Ljubljana – President Borut Pahor has formally informed the National Electoral Commission (DVK) that he will sign a presidential decree for a general election on 9 February, setting Sunday, 24 April, as the election date. This is in line with his earlier announcement that he would call this year’s election at the earliest possible date.
Pahor believes that despite the Covid epidemic, the DVK has enough time to prepare and organise the election so that no shadow of doubt would be cast on the election outcome.
He recalled in Thursday’s press statement that all but one deputy group agreed 24 April was the best possible date when consulting them in November, and he shared their view.
Before Pahor’s November announcement of the election date, there were mounting calls for an early election due to the government’s handling of the epidemic and its perceived undermining of the rule of law.
However, opposition SNS leader Zmago Jelinčič would still like the election to be held on the last possible date, 5 June, arguing the epidemic would subside by then.
Pahor said that while “this is a legitimate stance, it’s within my powers and it’s my responsibility to decide, sign the decree and call the election”.
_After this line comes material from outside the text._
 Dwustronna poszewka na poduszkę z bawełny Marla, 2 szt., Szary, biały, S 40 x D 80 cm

He said that over 40 local, regional or general elections had been held in Europe over the past two years, with the countries finding various ways to held them smoothly.
He is grateful to DVK members for today’s constructive discussion, saying he did not doubt they would do their best for the election to be held so that “we’ll all trust the outcome, and that despite the Covid situation, everyone will have a chance to exercise their right to vote”.
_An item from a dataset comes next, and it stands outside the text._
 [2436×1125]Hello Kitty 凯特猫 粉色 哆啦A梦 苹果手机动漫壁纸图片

DVK president Peter Golob said the commission members had assured Pahor they would do everything in their power for the election to be held legally and flawlessly.
They also told Pahor “the electoral legislation does not envisage all electoral procedures to be carried out in these (Covid] circumstances”.
They thus suggested that the legislation be changed or that the government intervene with certain decisions, Golob was quoted as saying by the president’s office.
In this view, Pahor was asked that as a political and moral authority, he urges all stakeholders to start tackling the challenges as soon as possible.
Earlier this week, the DVK discussed ways of making sure people can cast their ballots even if they have to isolate or quarantine, deciding to seek additional inputs from health authorities before proceeding with the debate.
Slovenia does have a system of mail-in voting and absentee voting, but the way these rules are designed, voters have to register well in advance, which may not be suitable in a time when thousands are sent into quarantine or isolation on a daily basis.
Under Slovenian law, a scheduled general election is called 135-75 days before four years have passed since the first sitting of the current parliament. The vote must be held between 60 and 90 days after the election is called. The last general election, a snap vote, was held on 3 June 2018.